### Assigned task
Set the listing down unchanged, minus every embedded image.

### Raw data
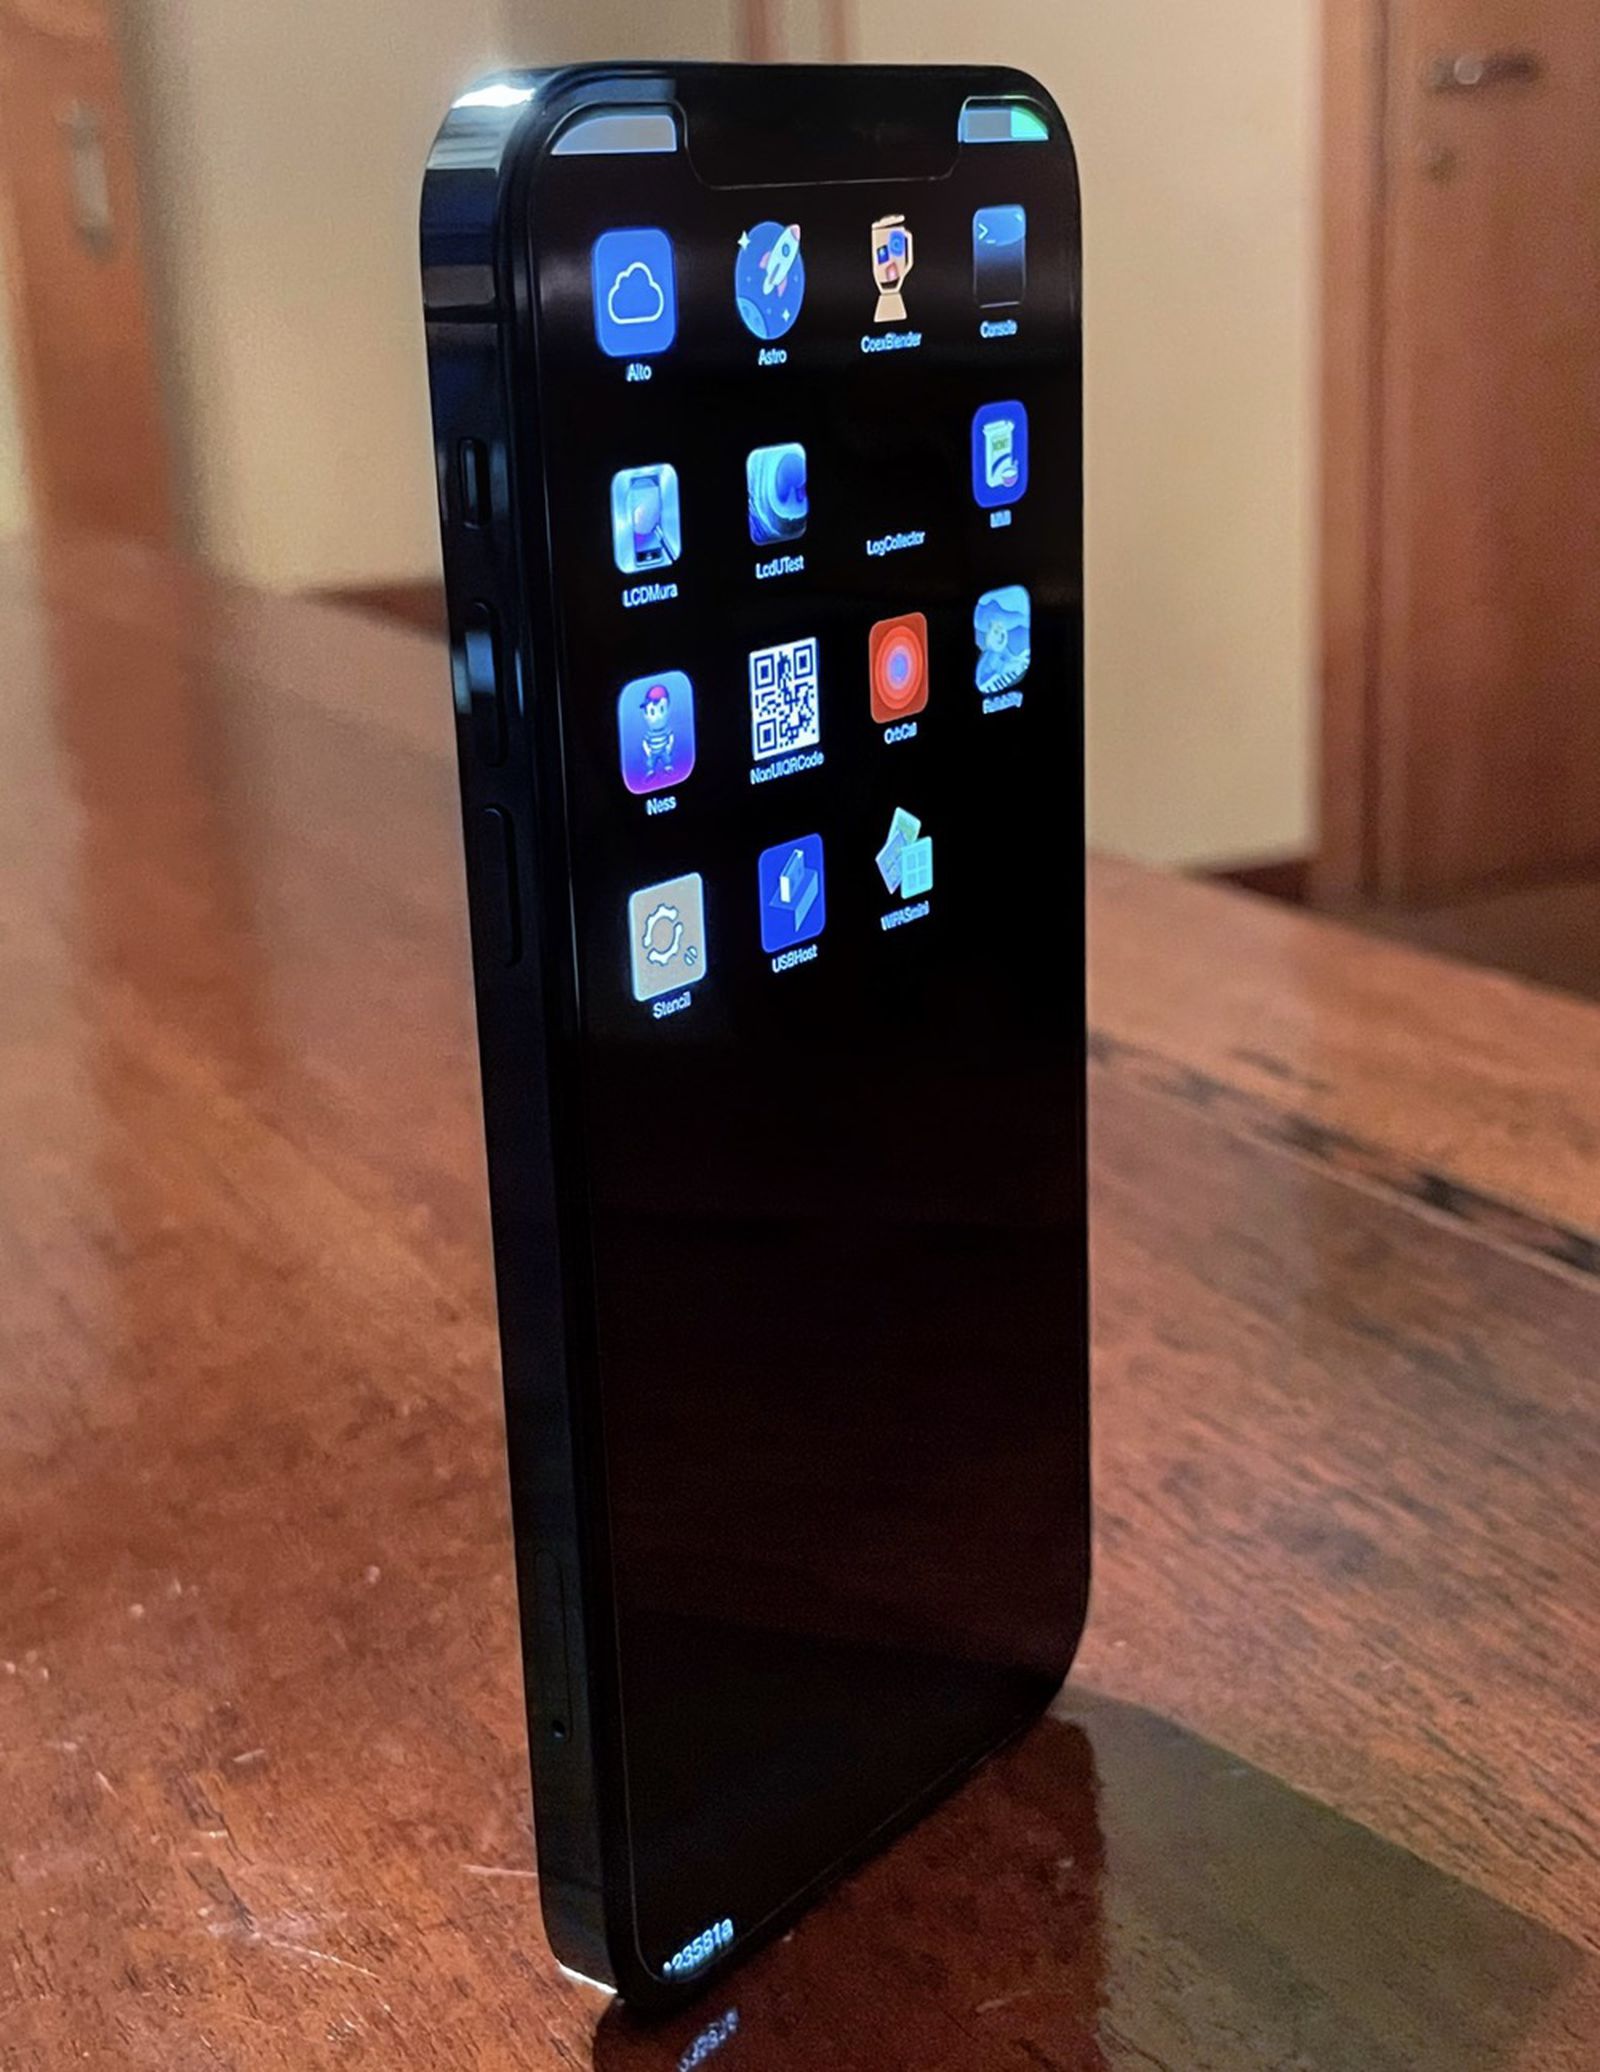 The iPhone 12 Pro prototype is shown in the photos
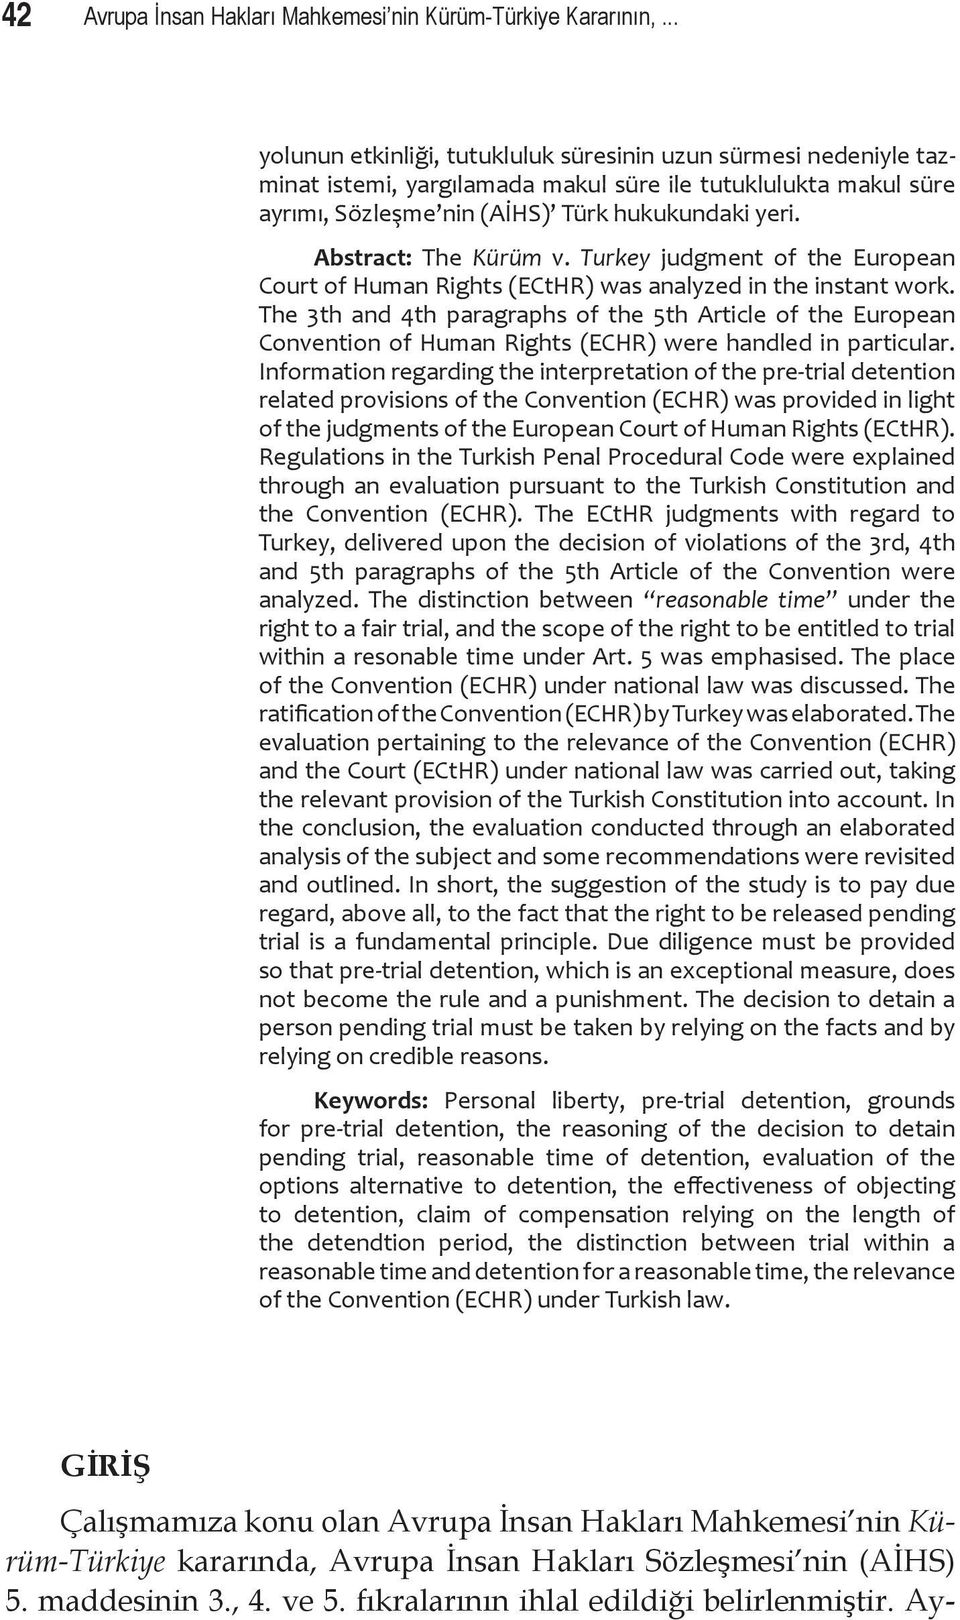 Abstract: The Kürüm v. Turkey judgment of the European Court of Human Rights (ECtHR) was analyzed in the instant work.
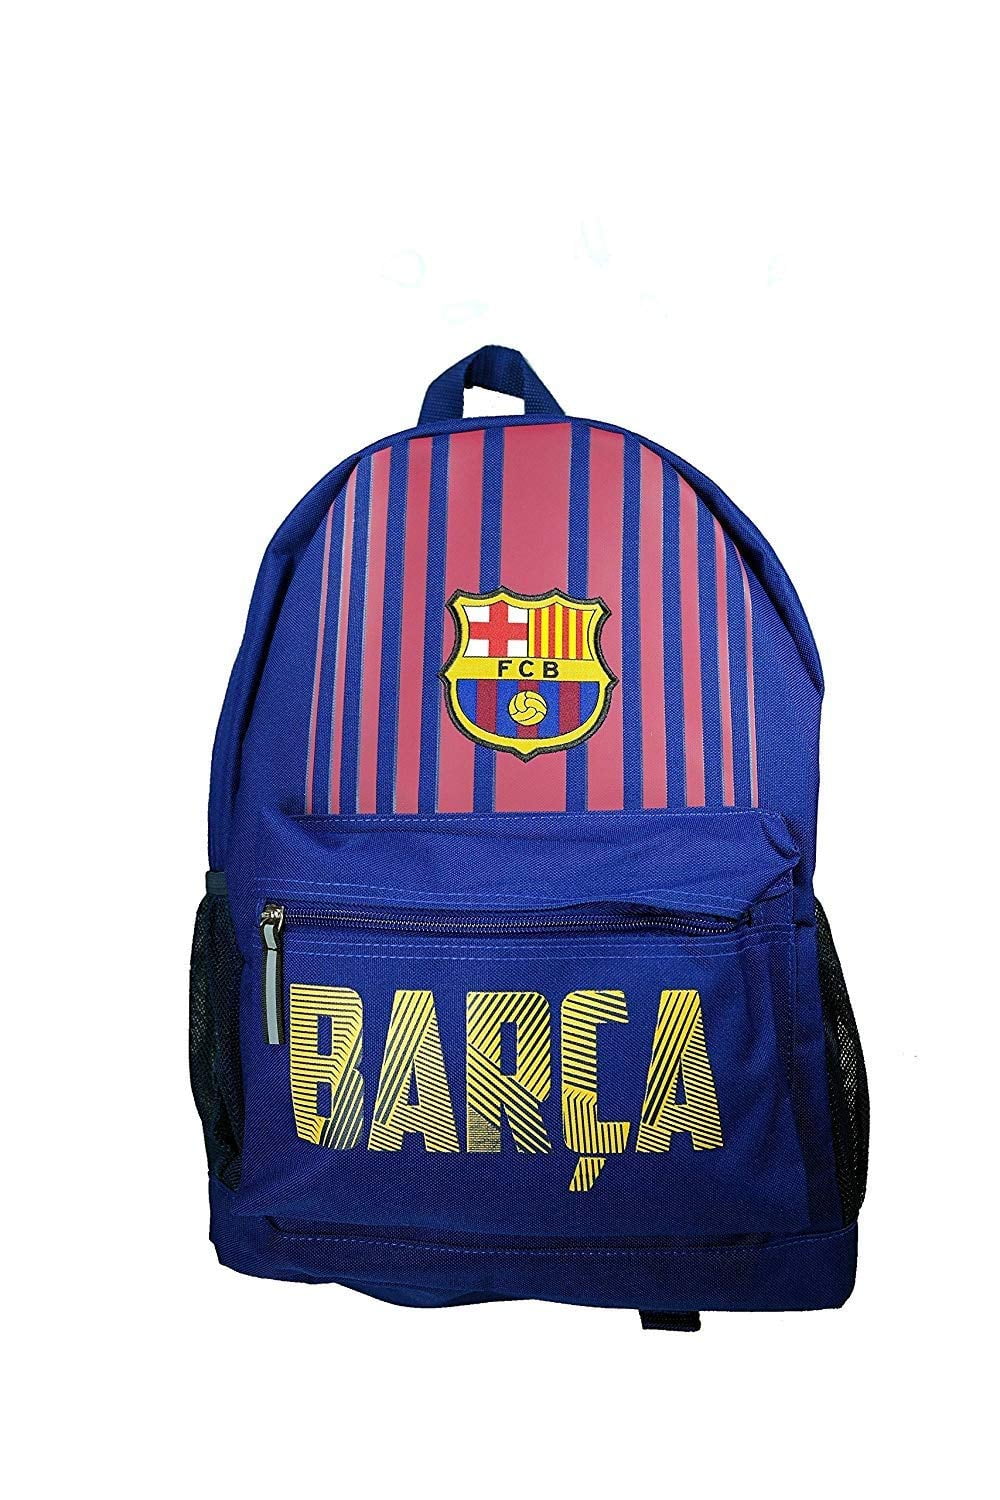 MESSI Lunch Bag BARCA School Insulated Boys Football Personalised NL07 
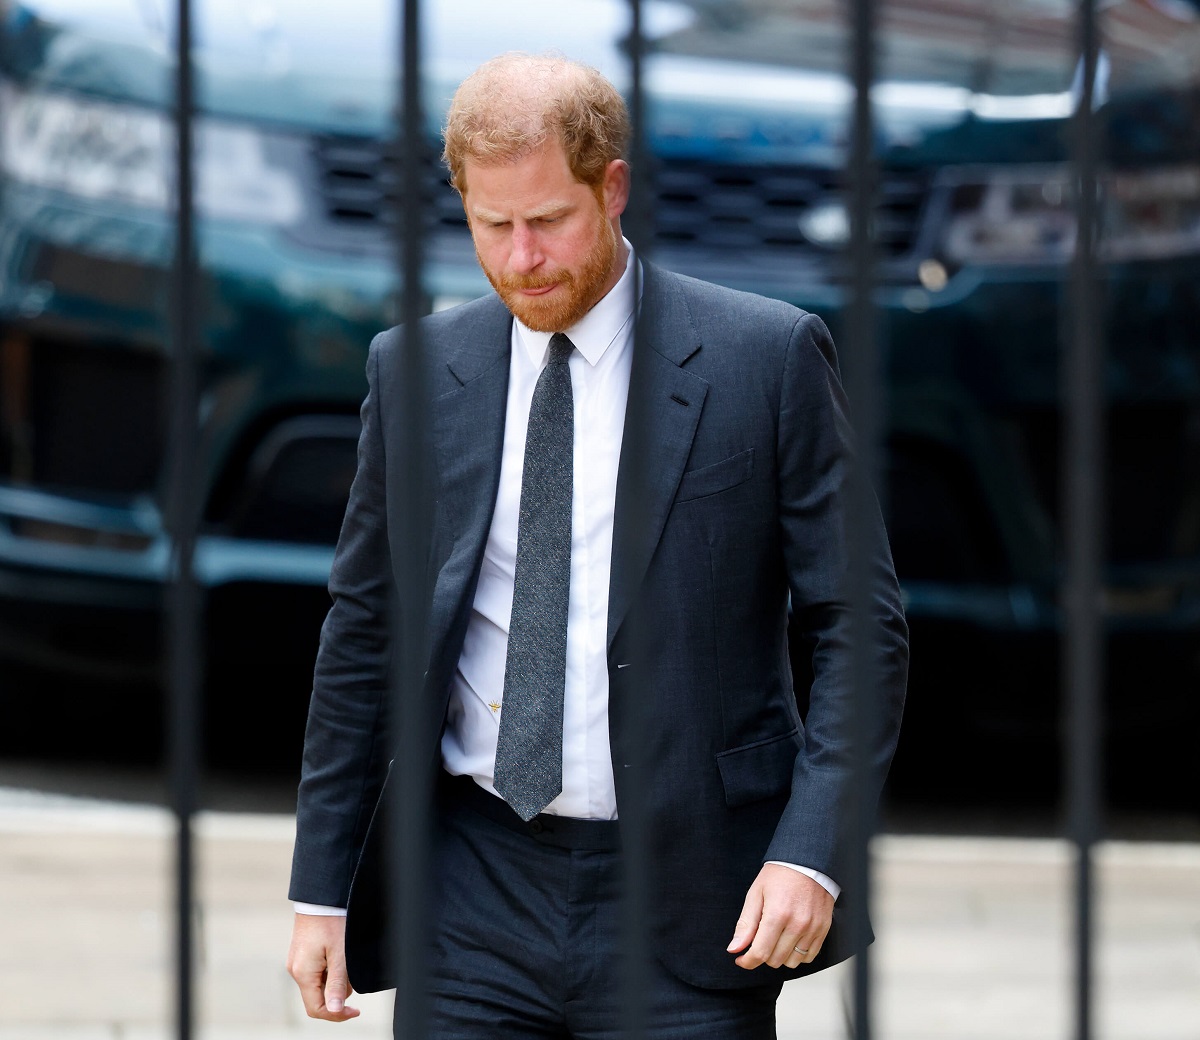 Prince Harry arrives at the Royal Courts of Justice

### Task output
 The iPhone 12 Pro prototype is shown in the photos
 Abstract: The Kürüm v. Turkey judgment of the European Court of Human Rights (ECtHR) was analyzed in the instant work.
 MESSI Lunch Bag BARCA School Insulated Boys Football Personalised NL07 
 Prince Harry arrives at the Royal Courts of Justice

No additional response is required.